Simon Gillett

Personal information
- Years active: 1975–1982

Sport
- Sport: Rowing
- Club: Melbourne University Boat Club

Medal record
Men's rowing
Representing Australia
World Rowing Championships
| Gold medal – first place | 1980 Hazewinkel | Lwt four |
| Gold medal – first place | 1981 Munich | Lwt four |
| Silver medal – second place | 1977 Amsterdam | Lwt four |
| Bronze medal – third place | 1978 Copenhagen | Lwt four |

= Simon Gillett (rower) =

Australian rower

Simon Gillett is an Australian former lightweight rower. He is a two-time world champion, was a selector of Australian Olympic and world championship representative crews and is a former head coach of Australian rowing.

==Club and state rowing==
Gillett's senior rowing started from the Melbourne University Boat Club in 1975. He was selected in the Victorian state representative Youth eight to race the Noel Wilkinson trophy at the Australian Rowing Championships in 1975 and 1976 and saw victory in both years.

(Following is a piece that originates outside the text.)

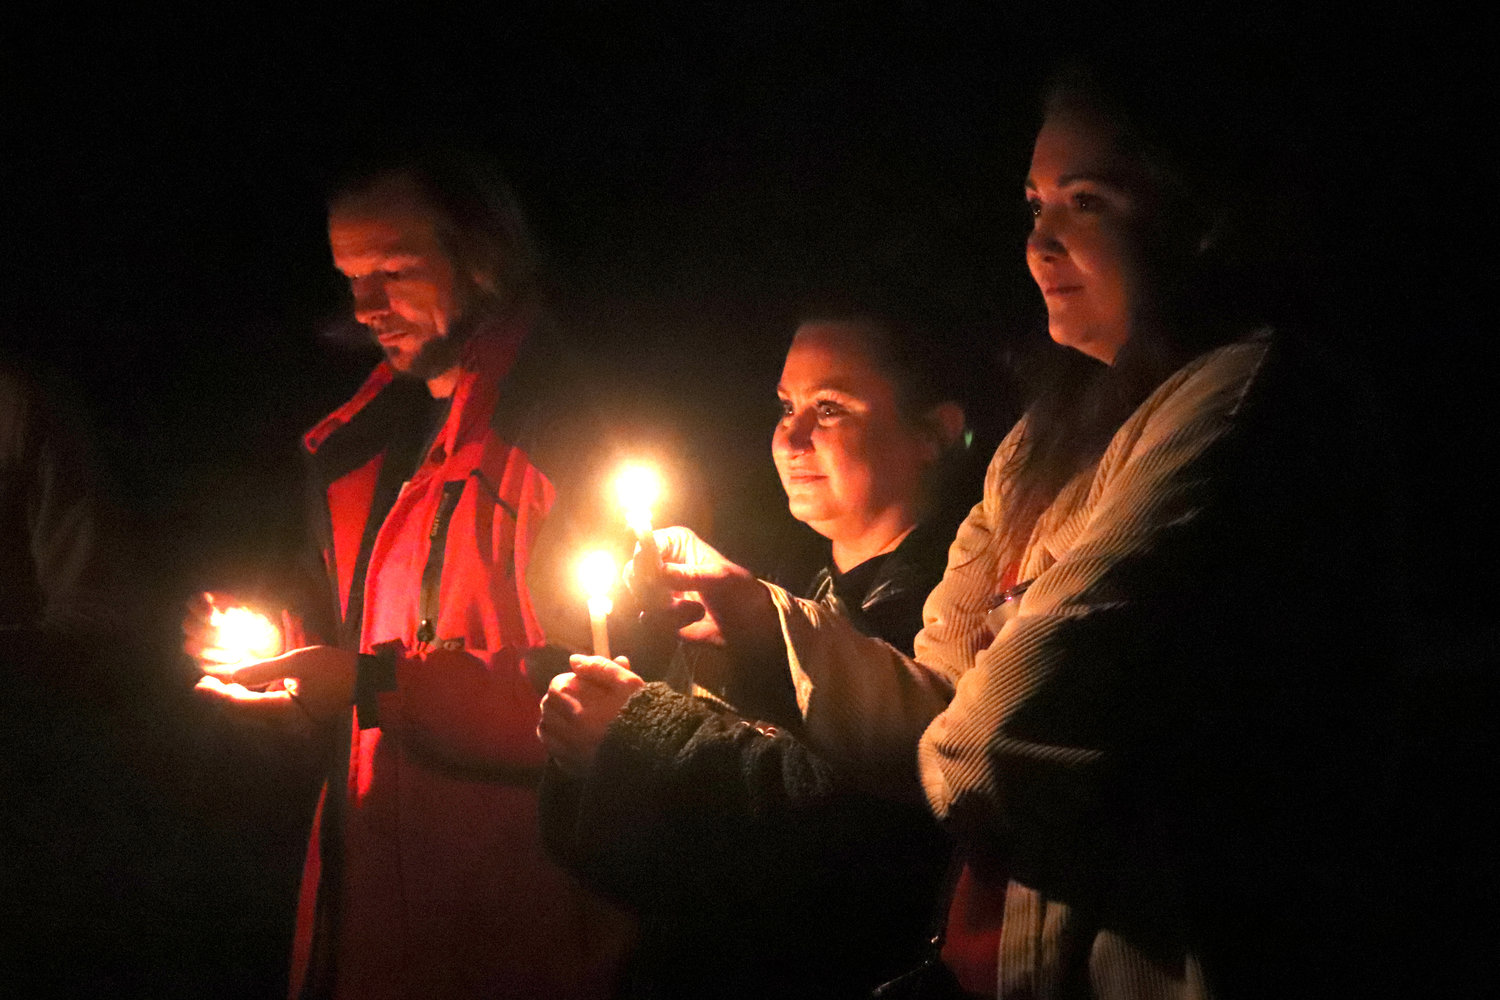 Friends and family of Karlee Bodine’s fiancee, Mitchell Davidson-Link, 33, who died unexpectedly in December, joined in a joint vigil for Davidson-Link and murdered Thurston County woman Karen Bodine near Rochester on Saturday.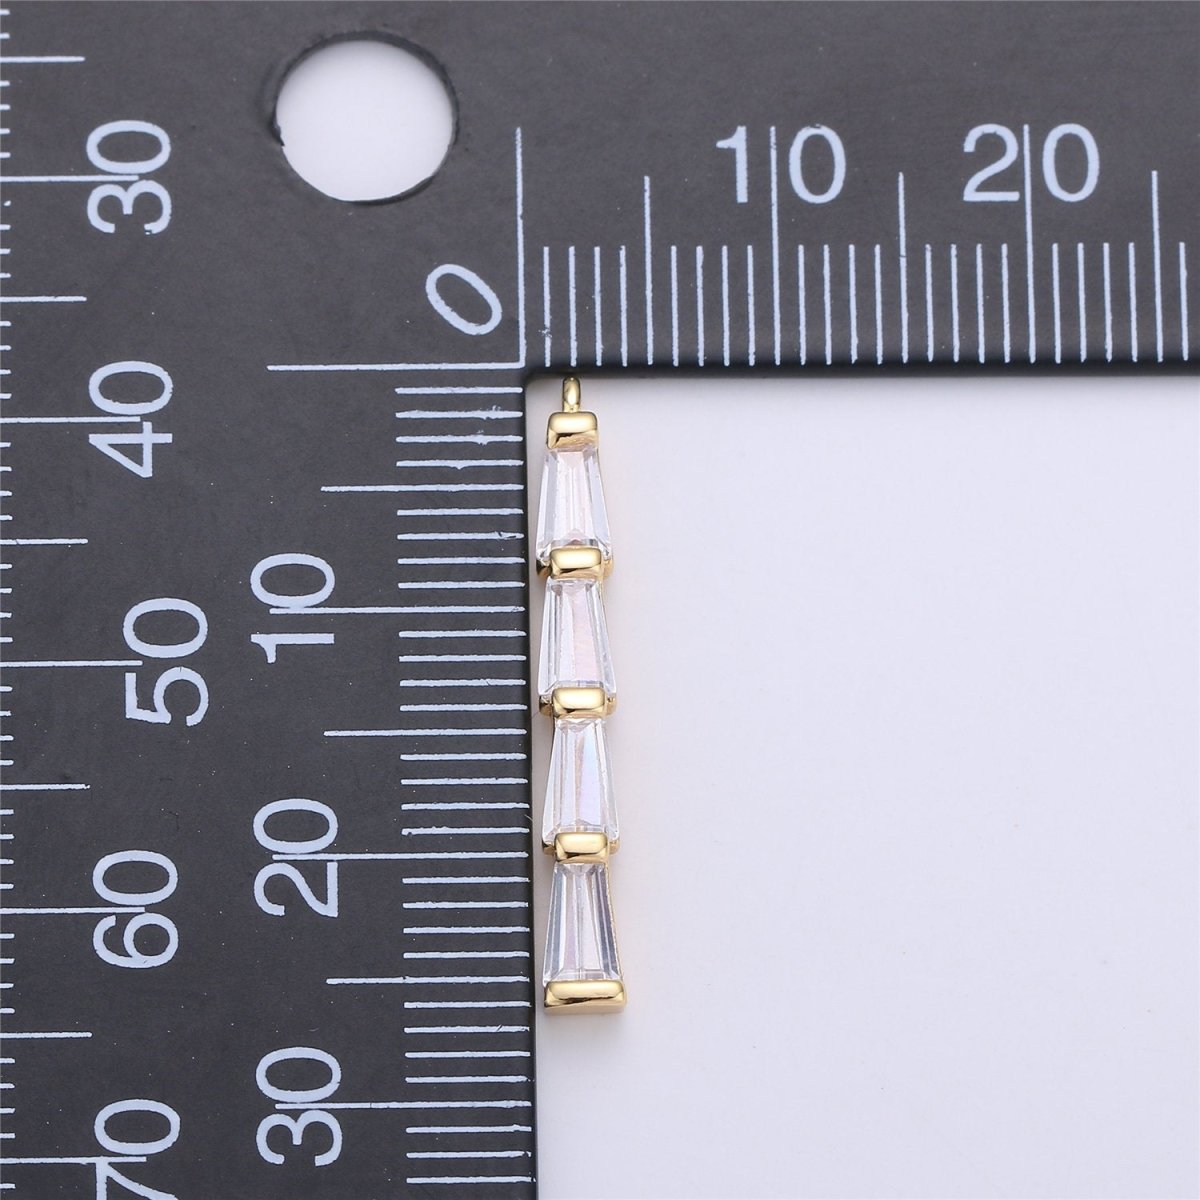 Dainty 24k Gold fIlled Charm Gold cubic bar Charm ,Baguette Stick Charm, Cubic Dangle charm for Necklace Earring Jewelry Making C-670 - DLUXCA

Gillett was selected in Victorian state representative lightweight fours to race the Penrith Cup at the Australian Rowing Championships for six consecutive years 1977 to 1982. Those crews won the interstate championship in 1977, 1978 and 1979.

Representing Melbourne University Gillett also competed for national titles at each Australian Rowing Championship from six consecutive years 1977 to 1982. He rowed to victory in the national champion LM4- in 1977, 1978, 1979; took the national LM8+ title in 1978, 1980, 1981 and won the national LM2- title in 1981.

==National representative rowing==
Gillett was first selected for Australian representative honours in a LM4- for the Amsterdam 1977 which won silver. The following year that crew with bowman Colin Smith replaced by Vaughan Bollen raced at the Copenhagen 1978 and took bronze. He stroked an Australian lightweight eight at Bled 1979 to sixth place.

He was selected for further representative honours in a LM4- for the 1980 World Rowing Championships in Hazewinkel – a lightweight only championship being an Olympic year. With his Victorian lightweight pair partner Charles Bartlett he'd vied for top national honours throughout 1980 against the New South Wales lightweight pair of Graham Gardiner and Clyde Hefer. New Australian National Coaching Director Reinhold Batschi had just introduced a small boat racing selection methodology and the choice of the two competitively matched pairs to comprise the Australian IV was clear. The crew took the gold medal and won Australia's second lightweight world championship title. The following year the same crew raced at the 1981 World Rowing Championships in Munich and successfully defended their title.

==Selector and coach==
Immediately following his competitive retirement Gillett was appointed as a national selector. He was a selector for the Australian rowing squads picked for Duisburg 1983, the 1984 Summer Olympics, the 1988 Summer Olympics, Bled 1989, Lake Barrington 1990 and Vienna 1991.

From 1991 until 1994 Gillett was a senior coach in Adelaide and coached South Australian men's and women's, lightweight and open, sweep oared and sculling state representative crews. His South Australian crews who won the Interstate Championships at the Australian Rowing Championships were a 1991 Women's Youth IV; a 1993 Men's LW IV and Women's Youth IV; a 1994 Women's Open IV and Men's LW IV. When some of those South Australian crews were selected as Australian representatives he coached them to world junior championships or world championships. Junior world champions coached by Simon Gillett include Alison Davies and Victoria Toogood (1992 W2-); Amy Safe and Peta Coudraye (1993 W2-); Amy Safe (1994 W1X)

Gillett was head coach of Australian rowing in 1994 and 1995.